Gradient Descent(Gradient Descent) is an algorithm, but it is not a specific algorithm for regression tasks like multiple linear regression, but a very general optimization algorithm. Helps some machine learning algorithms (all unconstrained optimization problems) to find the optimal solution. The so-called universal means that many machine learning algorithms use gradient descent, and even deep learning also uses it. Find the optimal solution. The purpose of all optimization algorithms is to solve the model parameters θ as quickly as possible. The gradient descent method is a classic and commonly used optimization algorithm.

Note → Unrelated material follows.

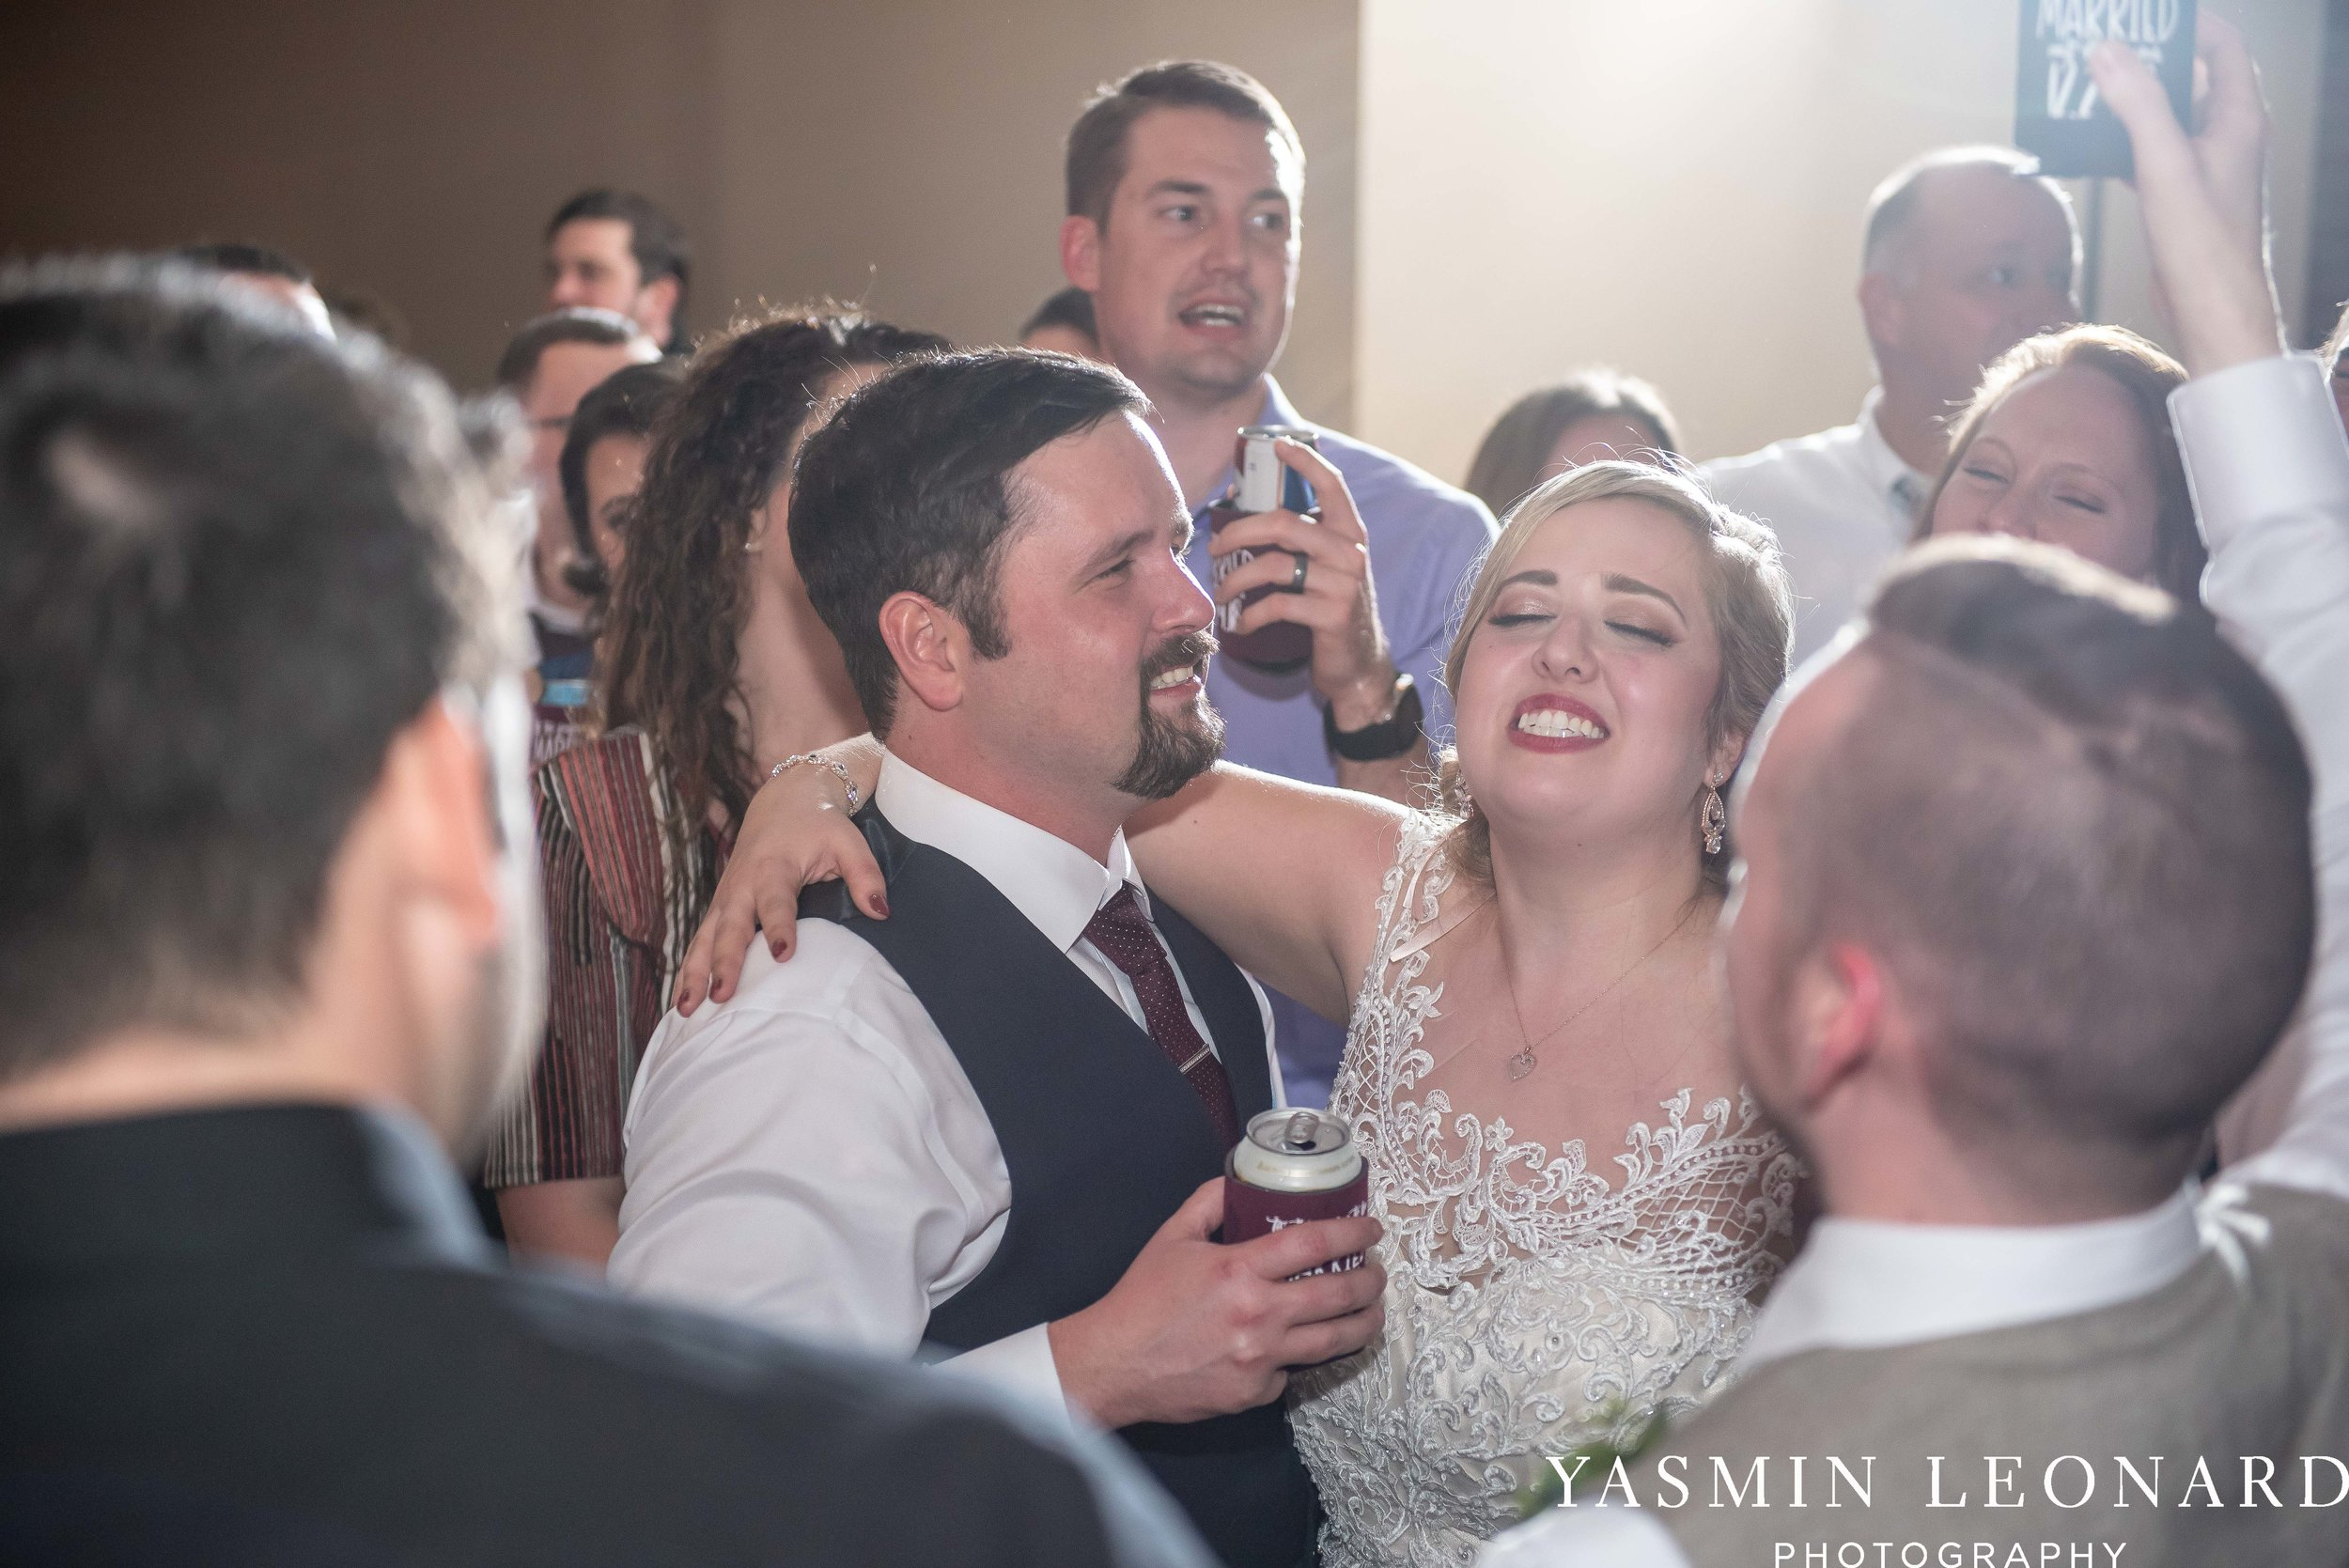 Rebekah and Matt - 105 Worth Event Centre - Yasmin Leonard Photography - Asheboro Wedding - NC Wedding - High Point Weddings - Triad Weddings - Winter Wedding-76.jpg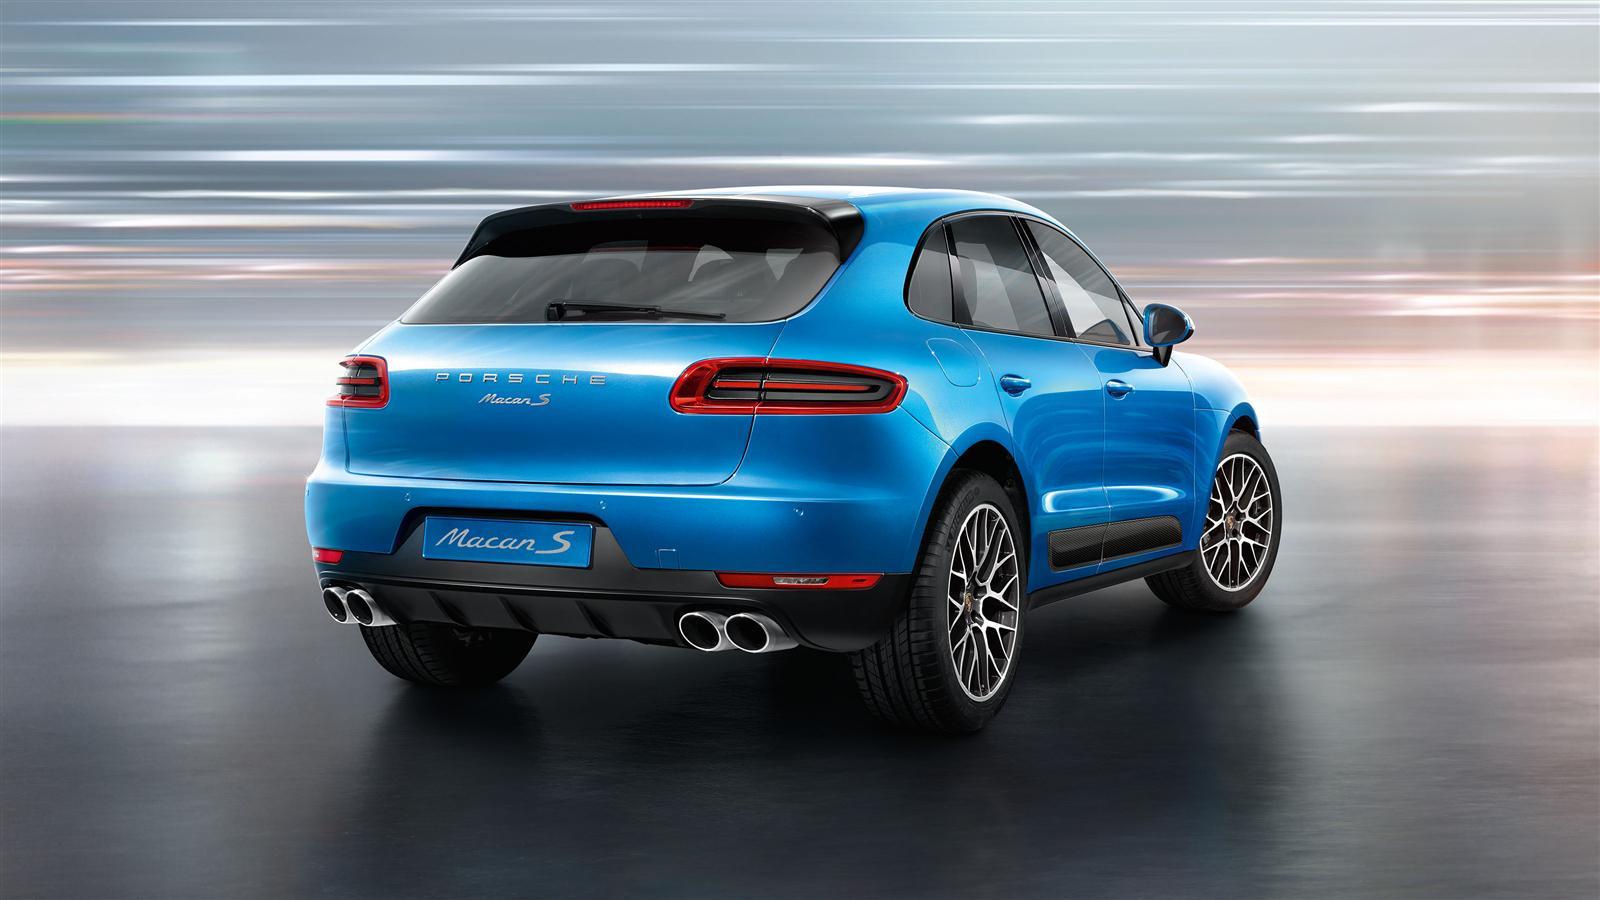 Porsche Macan S 2014 2015 2016 2017 Autoevolution

  The reason why θ previously solved using normal equations is the optimal solution is that the MSE loss function is a convex function. However, the loss functions of machine learning are not all convex functions. Setting the derivative to 0 will result in many extreme values, and the unique solution cannot be determined.

Before we set the derivative to 0, and in turn find out what the lowest point θ is, and the gradient descent method is to approach the optimal solution bit by bit!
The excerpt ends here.